4,5 Stunden für 130 km, gut daß es einen "Burger King" zwischendurch gab,
auch wenn die 2 Bedienungen etwas überfordert wirkten, kamen wir irgendwann an unser
Essen. Das sollte uns ersteinmal in den nächsten Stunden Kraft geben.
Am coolsten war dann der saukomische Hitler/Friedman Imitator, an einer Raststätte
in der Nähe von Soltau.
Er ließ uns vor lachen fast zusammenbrechen.
Nach fast 11 Stunden Heimfahrt erreichten wir ersteinmal Hagen, wo wir die Janine
ablieferten, und eine halbe Stunde später waren wir Düsseldorfer auch zuhause.
Es war ein absolut geiles Festival, wofür ich meine Karte auch schon wieder geordert habe.
Leider war die Toilettensituation mehr als dürftig, besonders für das weibliche Geschlecht,
eine wahre Tortour, aber das werden die wohl nie in den Griff bekommen.
Auch die Essenspreise an einigen Ständen waren echt unverschämt.
5 DM für ein Fischfrikadellenbrötchen, 4 DM für toatl versalzene Pommes, daß muß nicht sein.
Als besonders traurig zu bezeichnen ist, daß am Sonntagmorgen ein 23jähriger Metaller
aus Böblingen an einer Thrombose verstarb.
Herzliches Beileid von dieser Stelle.
Insgesamt waren 33000 Besucher diese Jahr da, was man merken konnte, das Gelände platzte
aus allen Nähten, entweder es wird begrenzt auf 25000 Besucher, oder das Gelände muß
vergrößert werden. Sonst gibt das irgendwann eine Katastrophe.
Ansonsten wie immer geile Stimmung und eine tolle Party.
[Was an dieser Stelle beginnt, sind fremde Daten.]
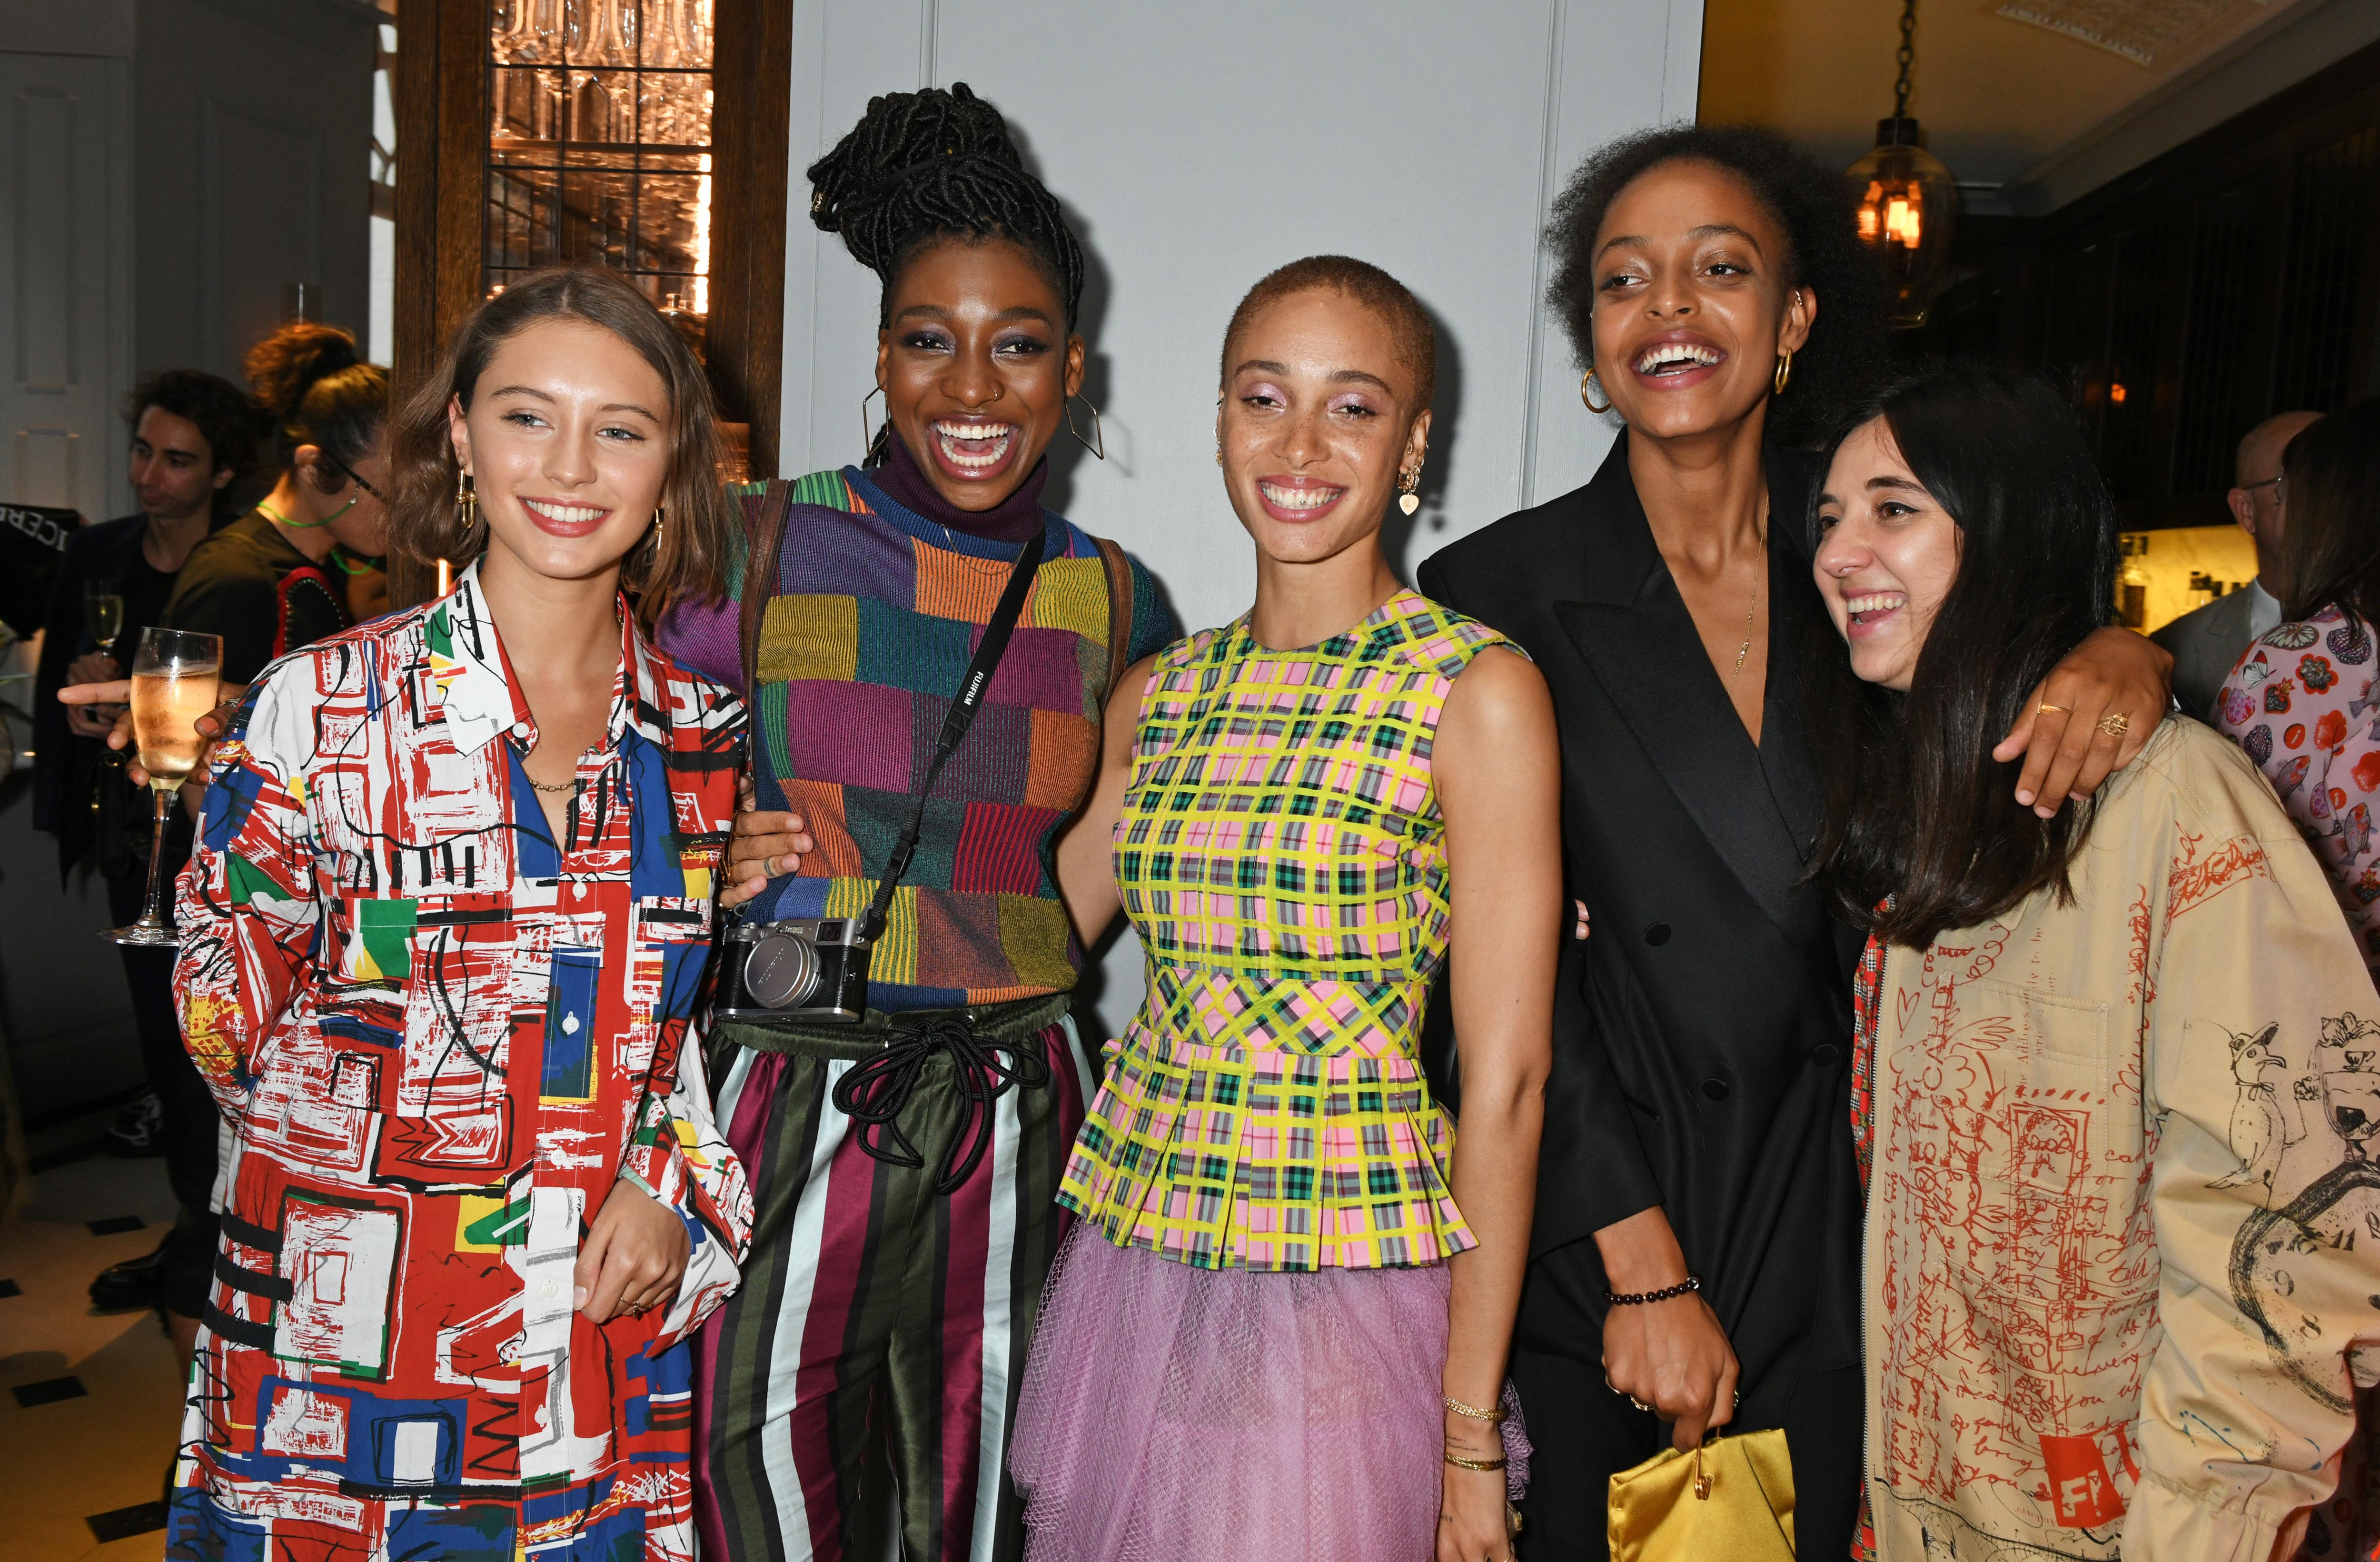 Iris Law, Lil Simz, Adwoa Aboah, Kesewa Aboah and Chloe Caillet

Grüße an dieser Stelle gehen an folgende Personen:
Tom und Susi von den Metal Bastards, den Gryphons, Busman, Frankie, Metal Messiahs,
Dirk"Bentheim", den Jungs von Abyssaria, den Jungs von Ravage, Andi und Esther von Midwinter,
Michaela, Maikel, Zombie Gecko, Nausea, Steffi, Lady Carrietta, Rockbabe, Sheeplover,
nuc nebst Gattin, Todesgegröhle, den Leuten von Scheißegal, Quästor, Mandy, Melli,
LennyNero, Howie dem Wackener Comiczeichner, Fipstroll, Manuel Pabst, Tomcat,
Jeffrey Dahmer, Jamzzone, Desmona, Cassandra, MetalTom, Cadia, Calani, Eva, Debbie,
Alucard, Nhashi, 667, den Leuten von der Deathparade, Heyoka und allen von den Metalheadz,
Zoran, Husky nebst Freundin von Desaster, Tequila nebst Freundin, Babs, Speedy,
Kran, alter mann, den Leuten aus Wermelskirchen, Henkersbraut, Michicaust, Powersurge, allen anderen aus dem Chattercamp
und viele andere, die ich an dieser Stelle vergessen habe, seht euch als gegrüßt an.

Ein großes "Fuck Off" geht an alle Faschos, die da waren.

Ich hoffe wir sehen uns alle im nächsten Jahr wieder an der geleichen Stelle.
Und vergeßt nicht, "Nach dem Wacken ist vor dem Wacken".